Return each line of the data below exactly, omitting any pictures.

Given data:

Content starts

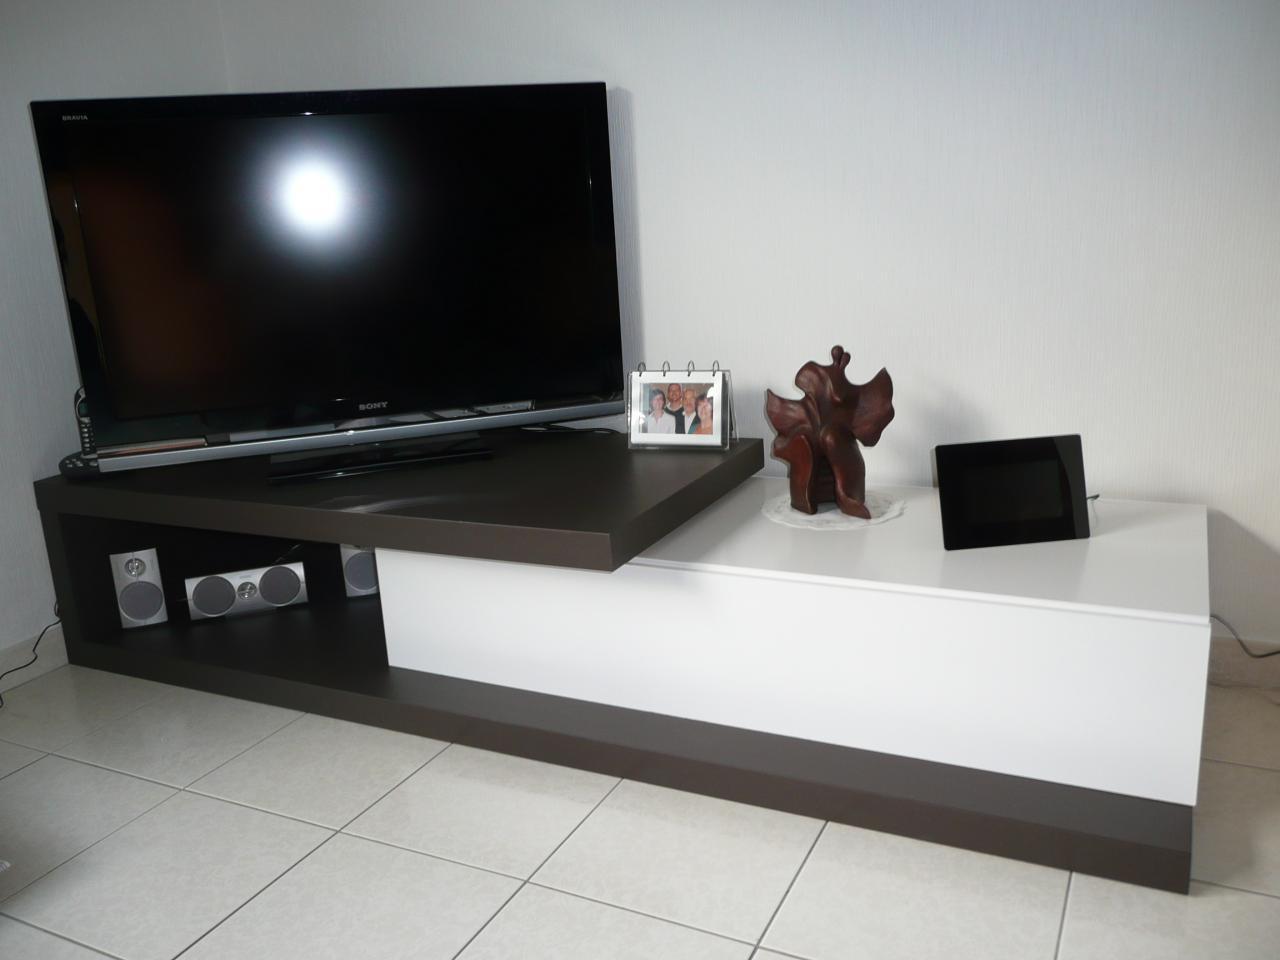 Meuble Tv Rotatif Hubfrdesign Co # Meuble Tv Rotatif
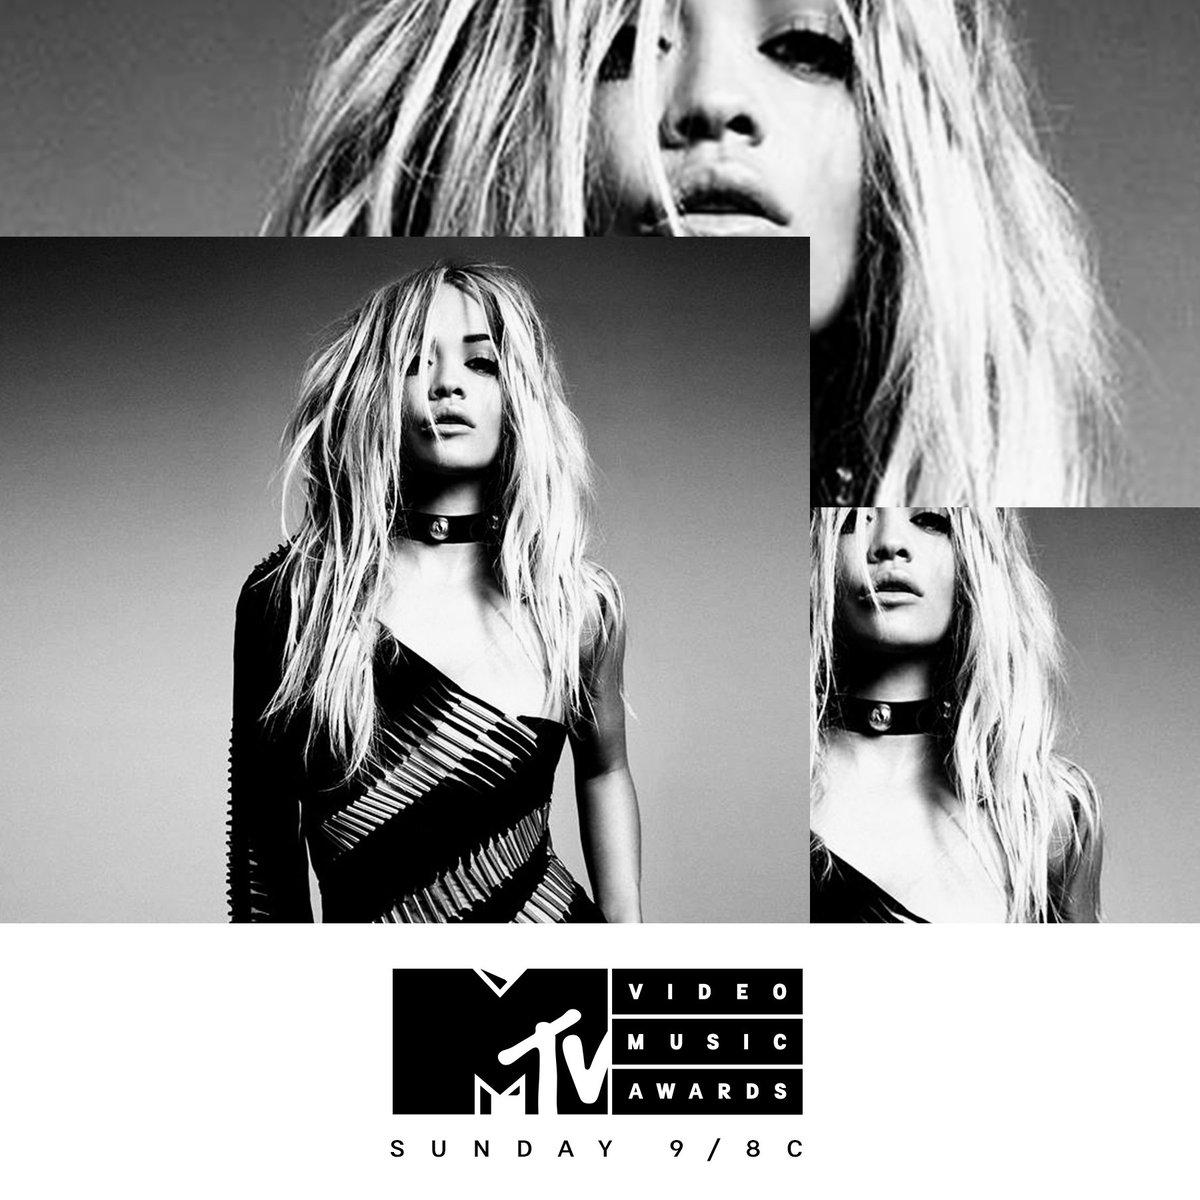 #VMAs see you Sunday!! ???????????????????????????????????????????????????????? @MTV https://t.co/m4H9GFtxM6
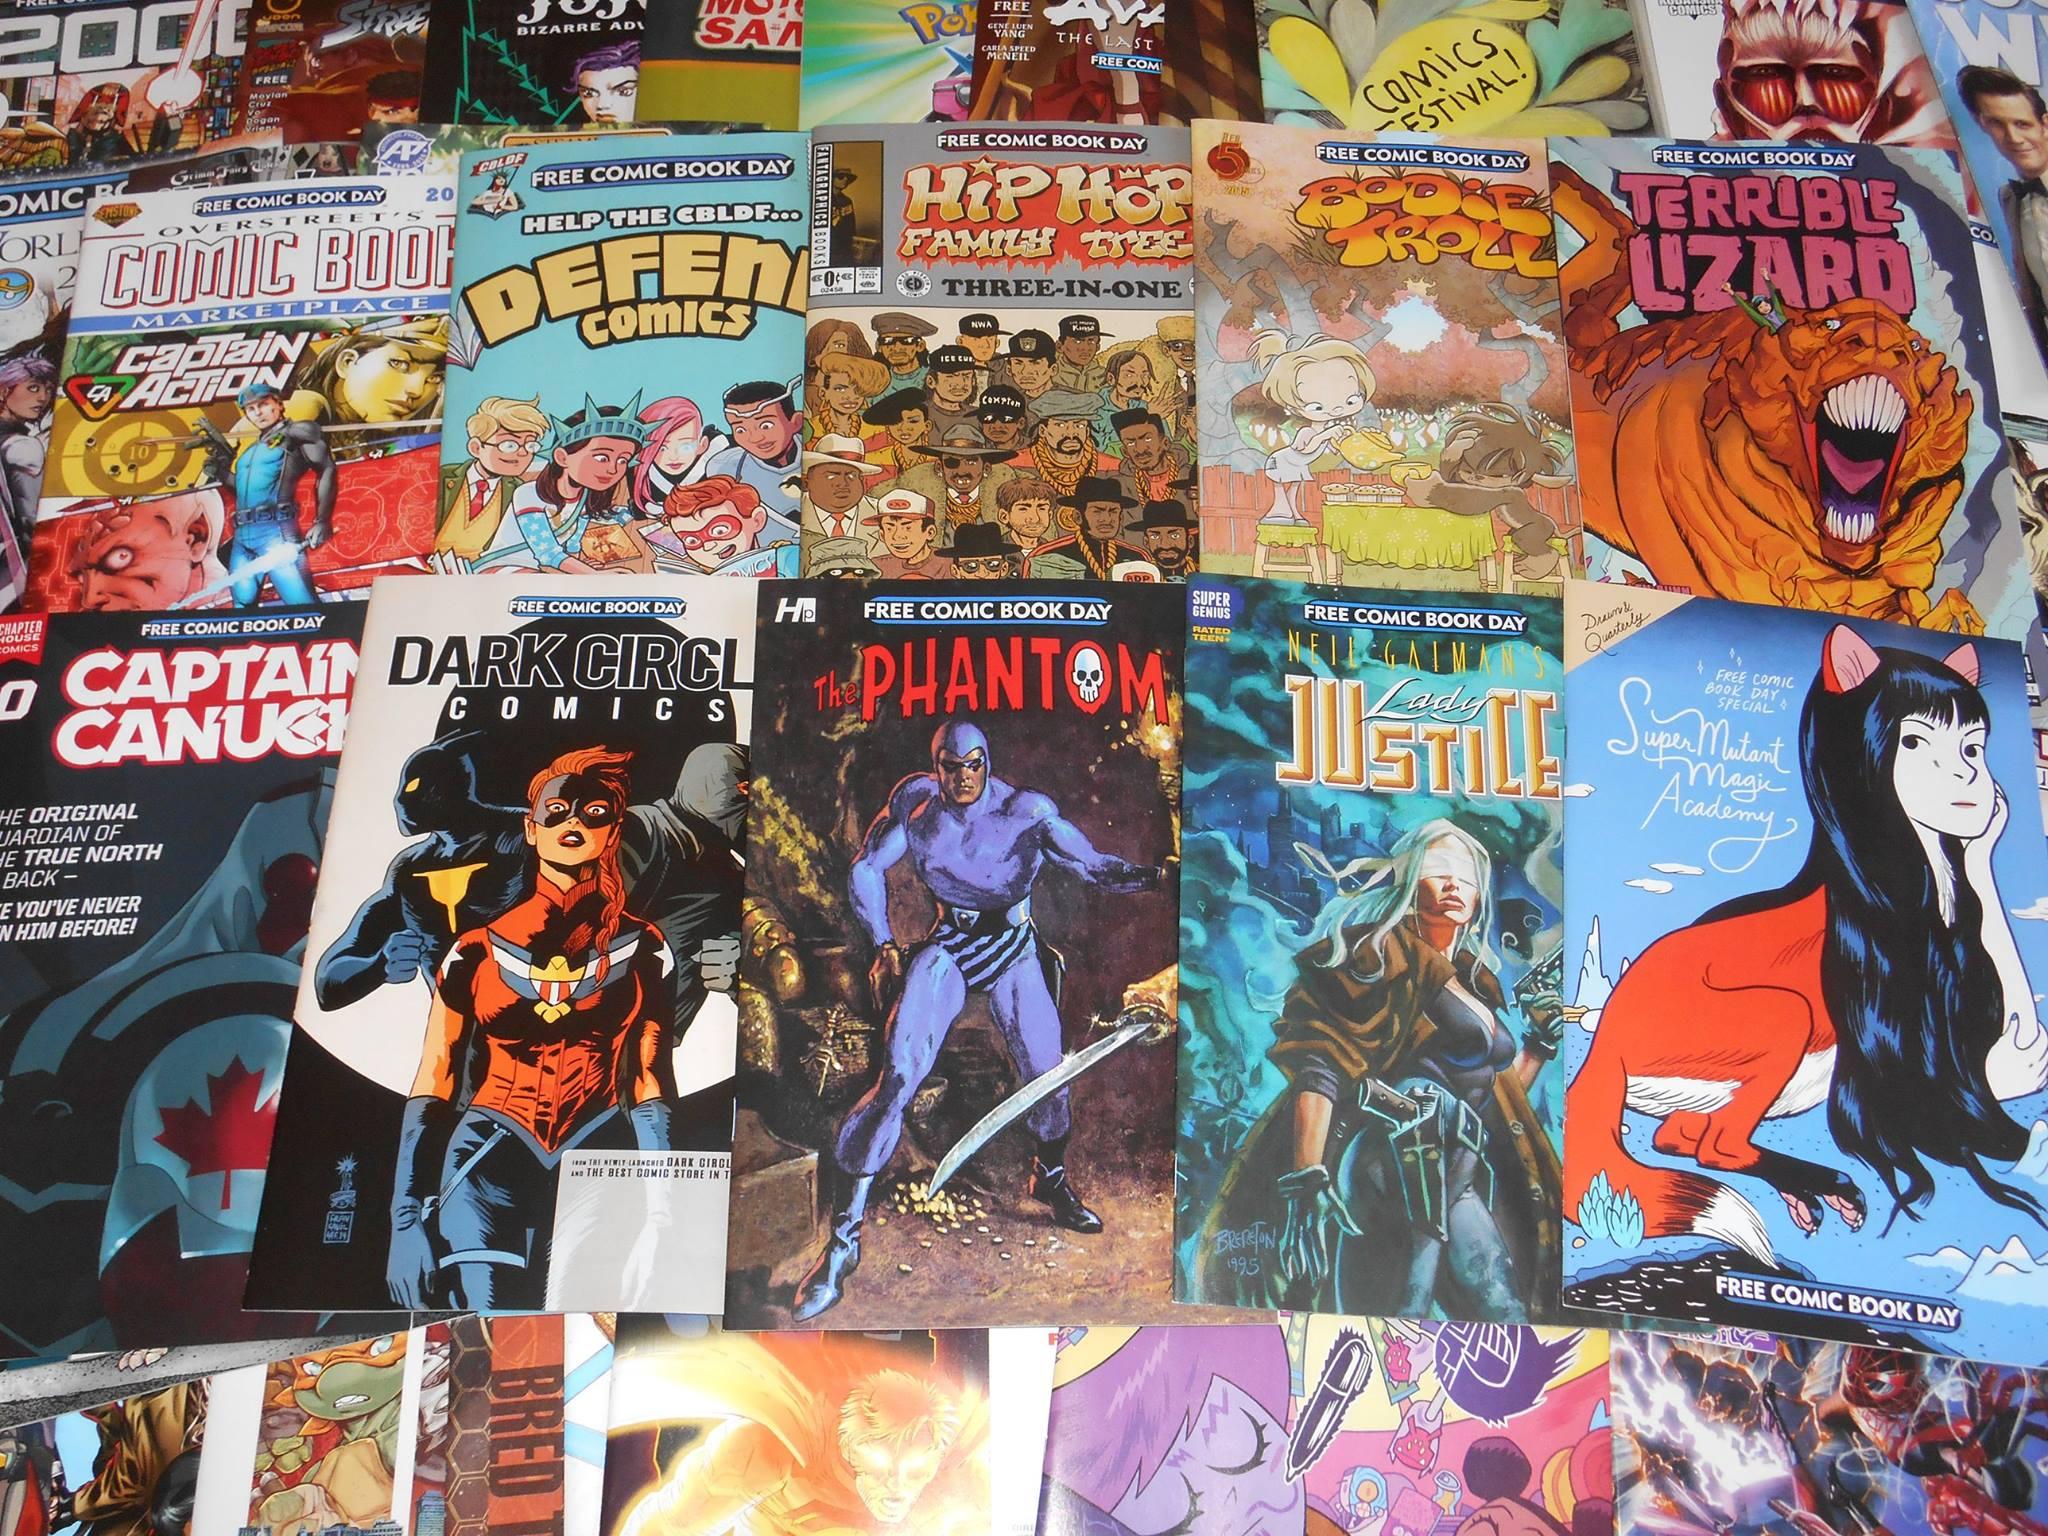 free comic book day - the phantom

Content ends

Answer section:
 Meuble Tv Rotatif Hubfrdesign Co # Meuble Tv Rotatif
 #VMAs see you Sunday!! ???????????????????????????????????????????????????????? @MTV https://t.co/m4H9GFtxM6
 free comic book day - the phantom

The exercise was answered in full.